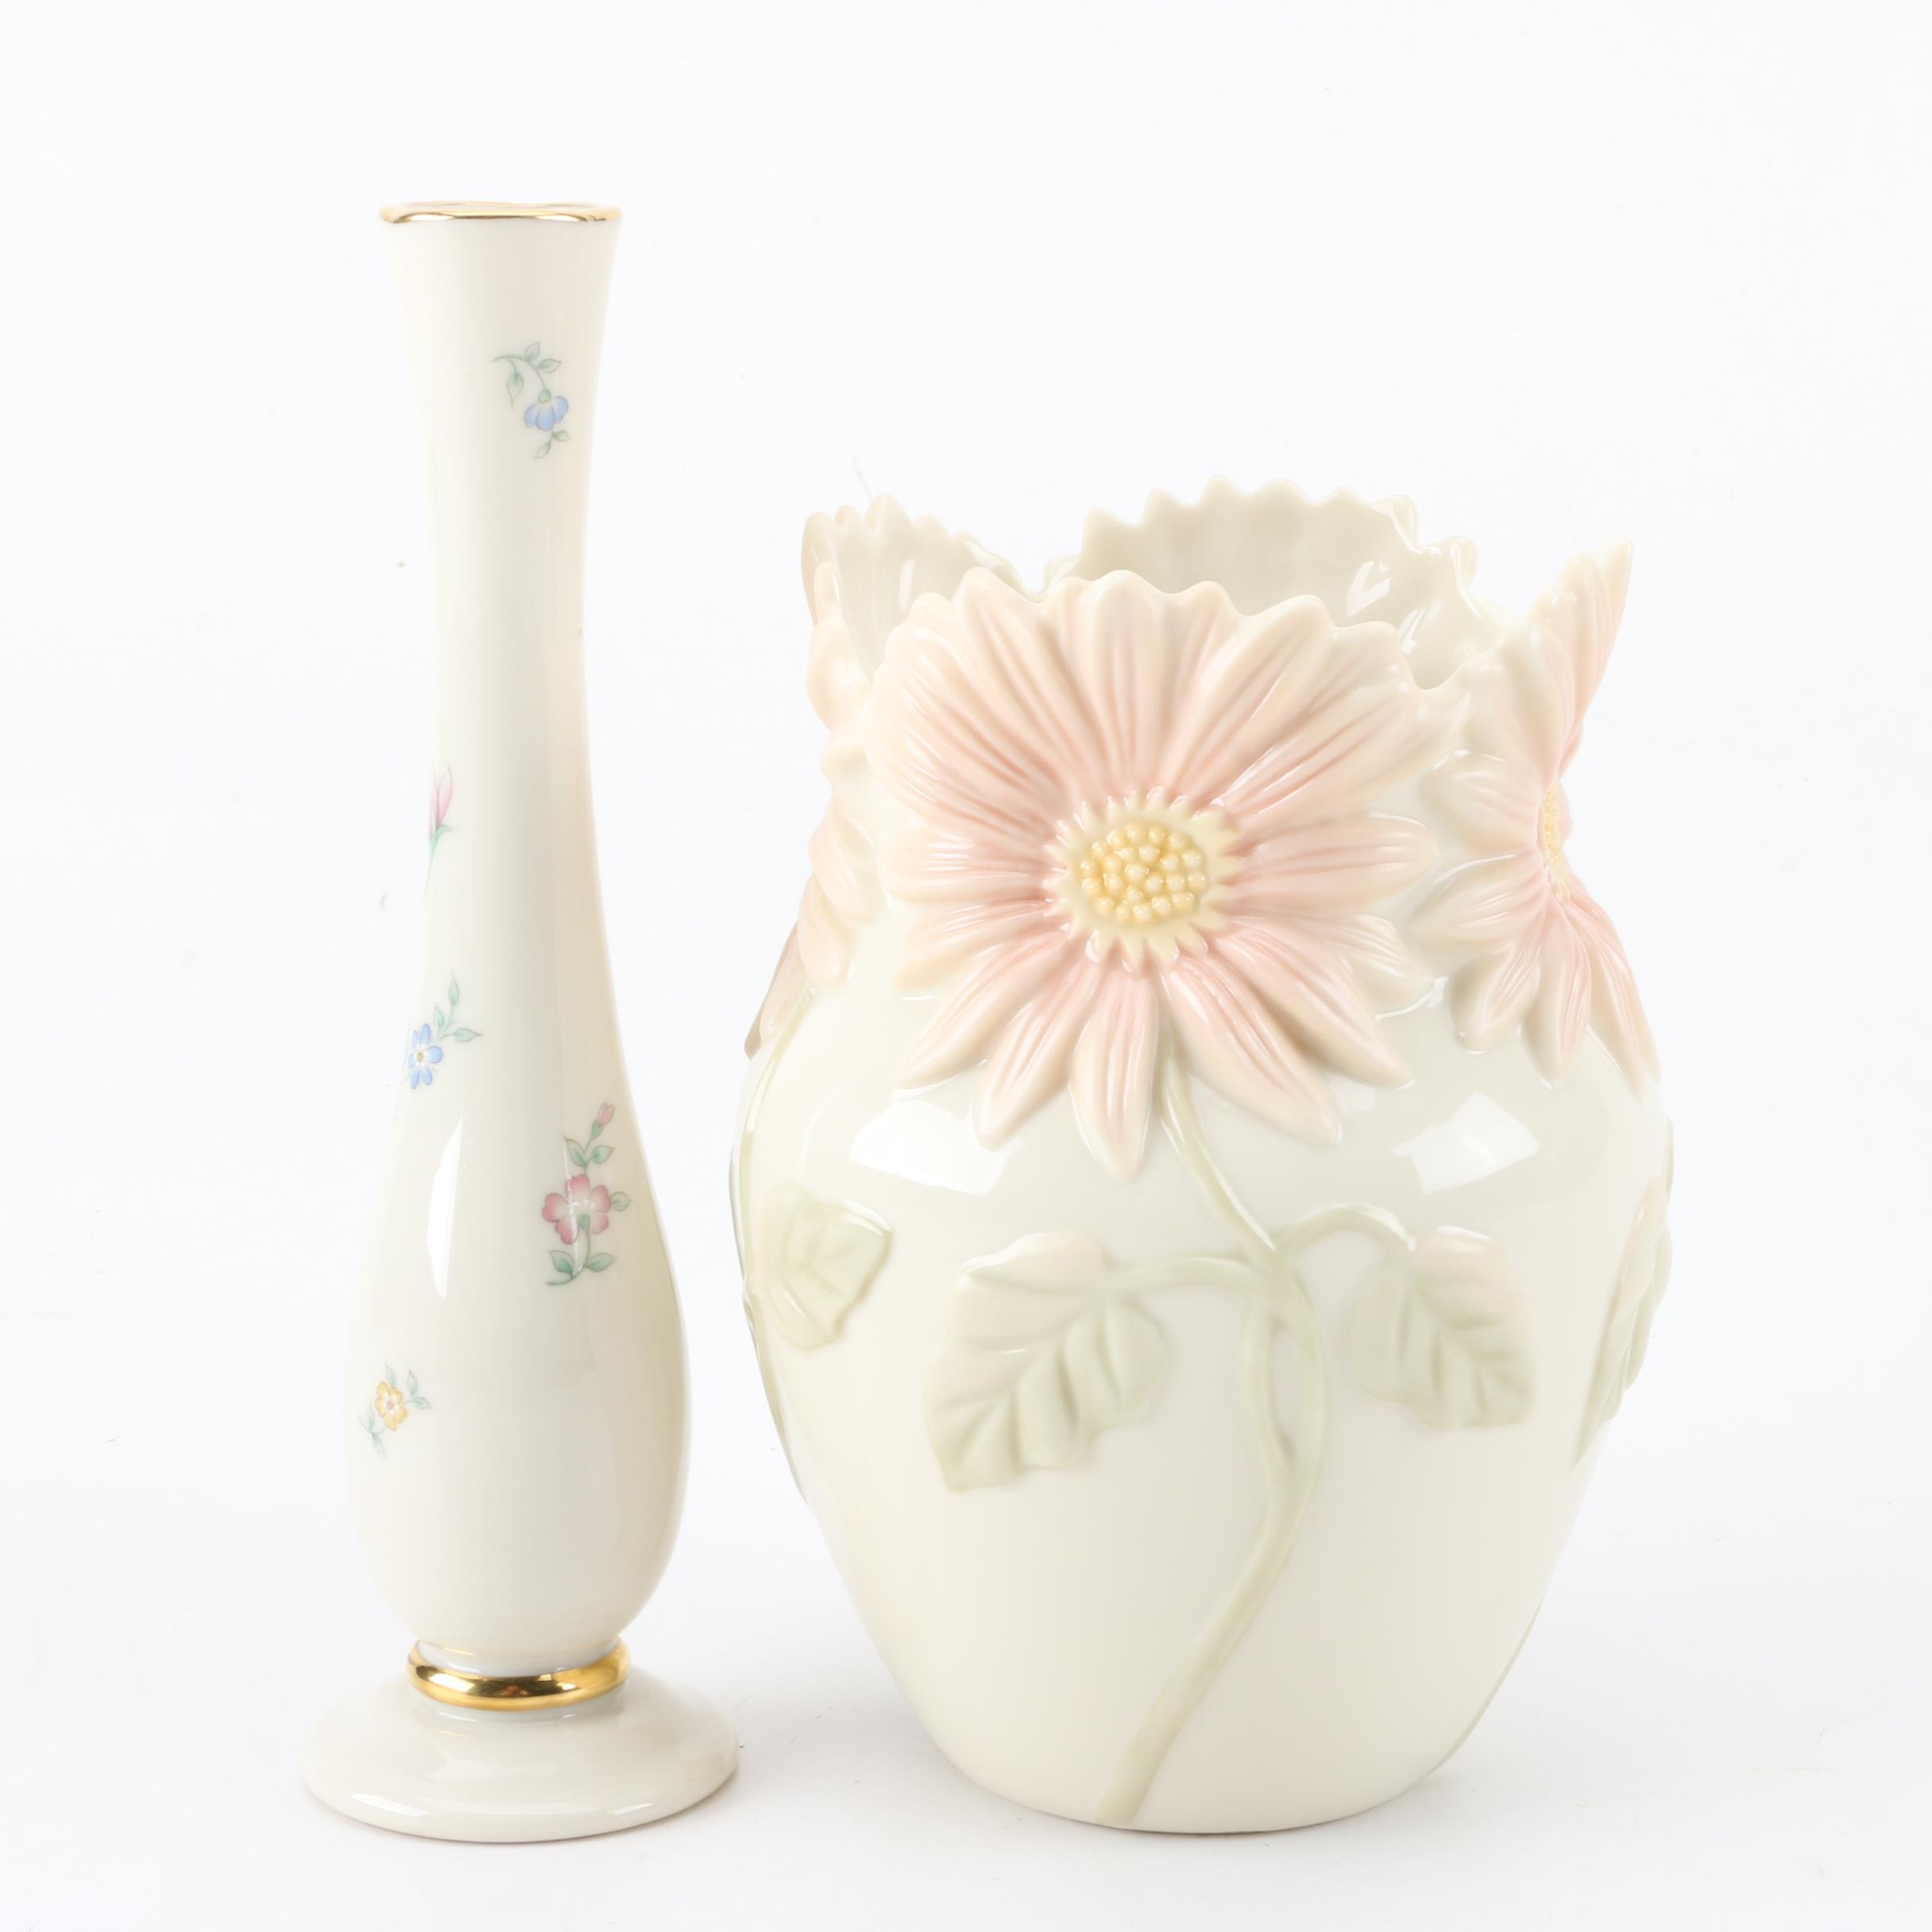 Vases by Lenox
---
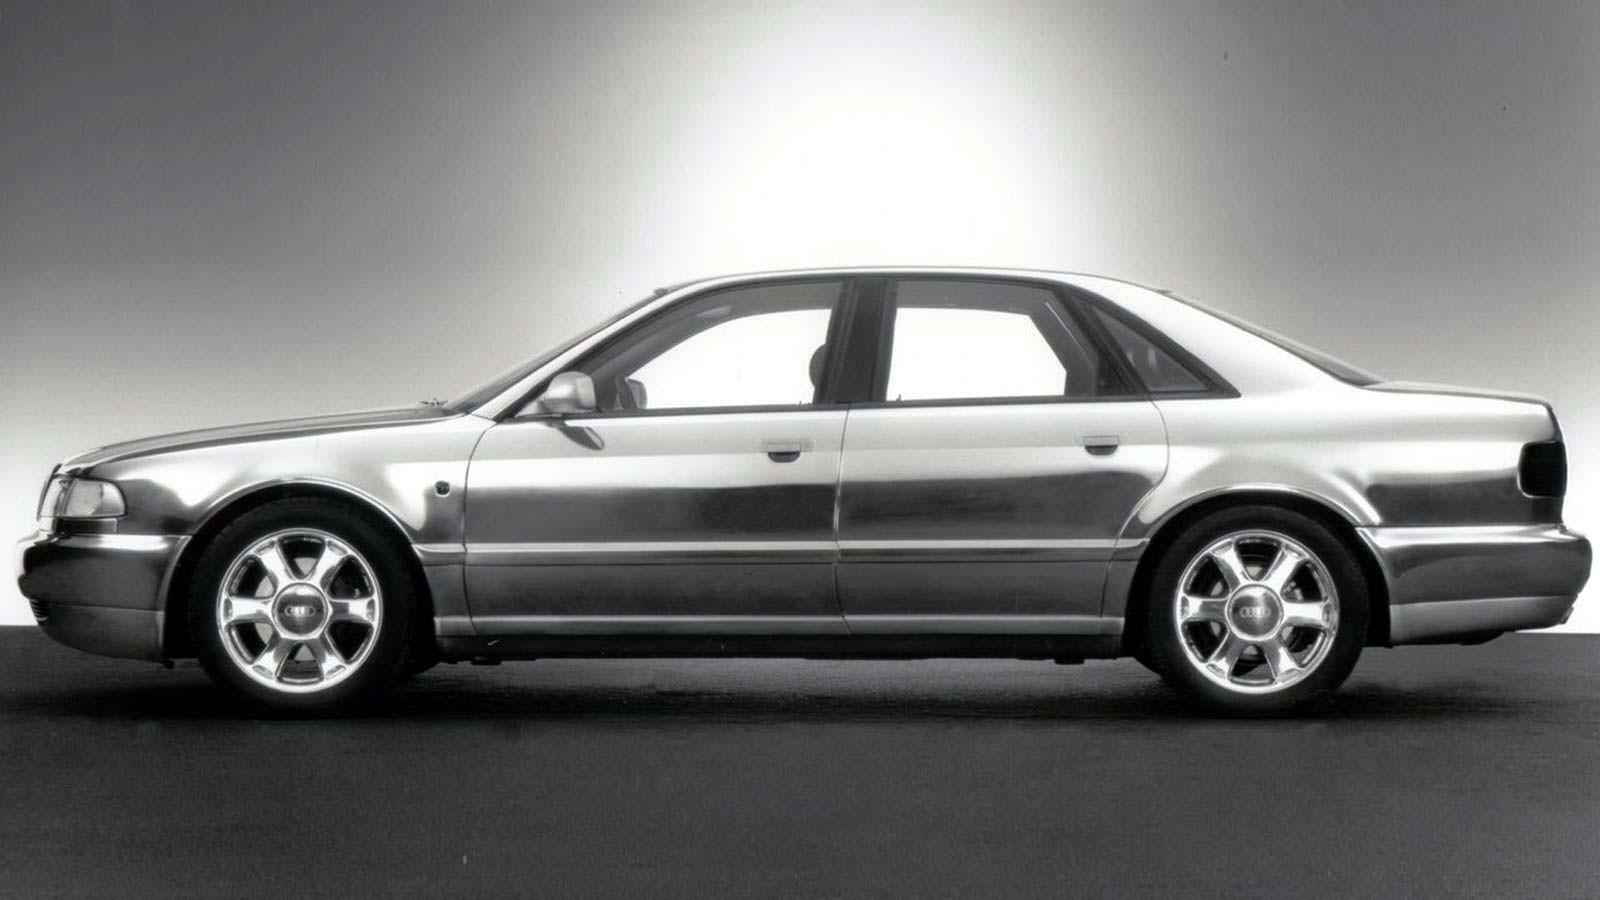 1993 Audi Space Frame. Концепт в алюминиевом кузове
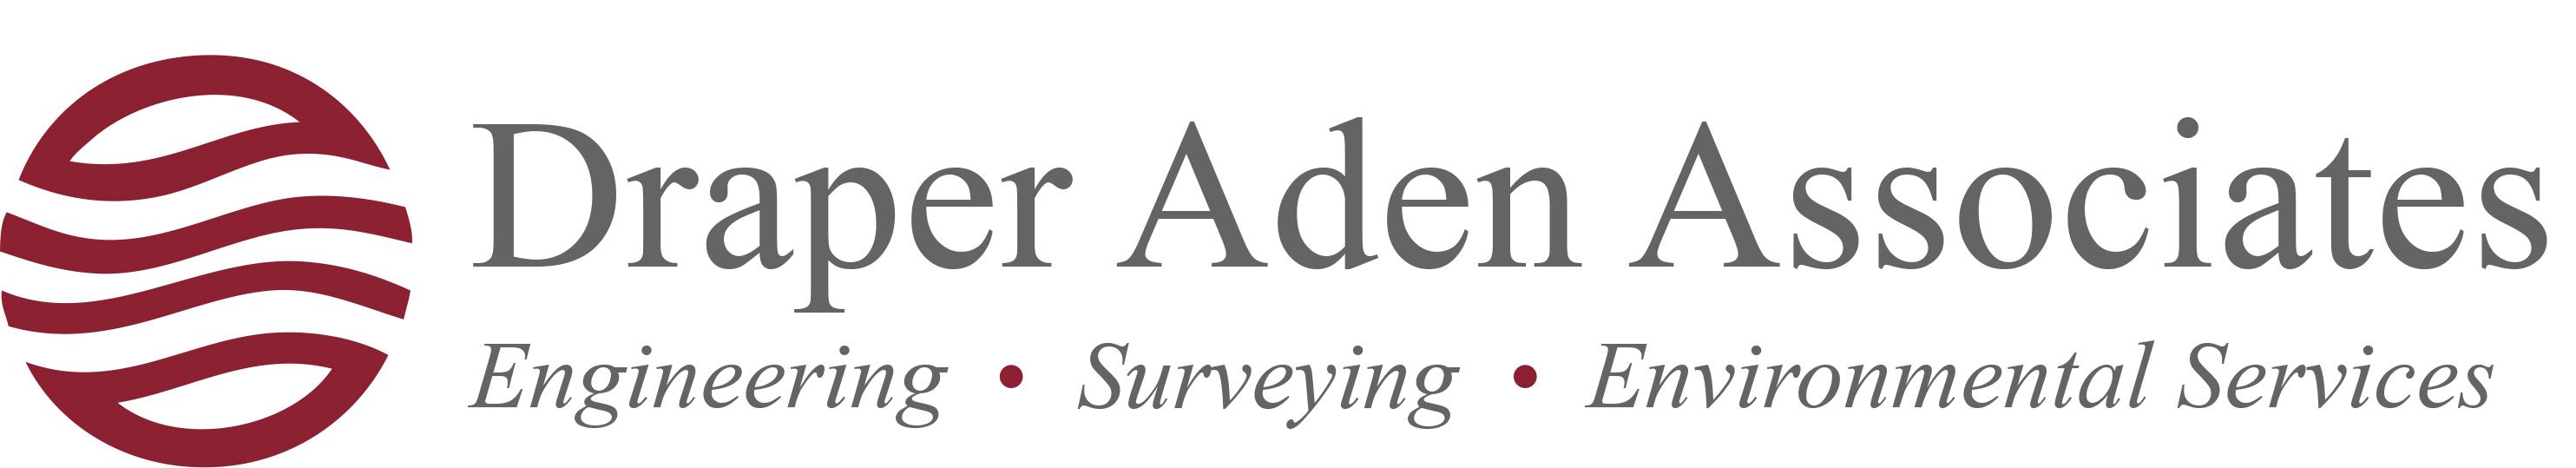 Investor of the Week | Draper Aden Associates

▶ **Description of the task**: Copy out exactly the lines above beginning with the line that contains "1993 Audi Space" and finishing with the line that contains "Investor of the", including both; leave the pictures out.

▶ **Result of the task**:
 1993 Audi Space Frame. Концепт в алюминиевом кузове
 Investor of the Week | Draper Aden Associates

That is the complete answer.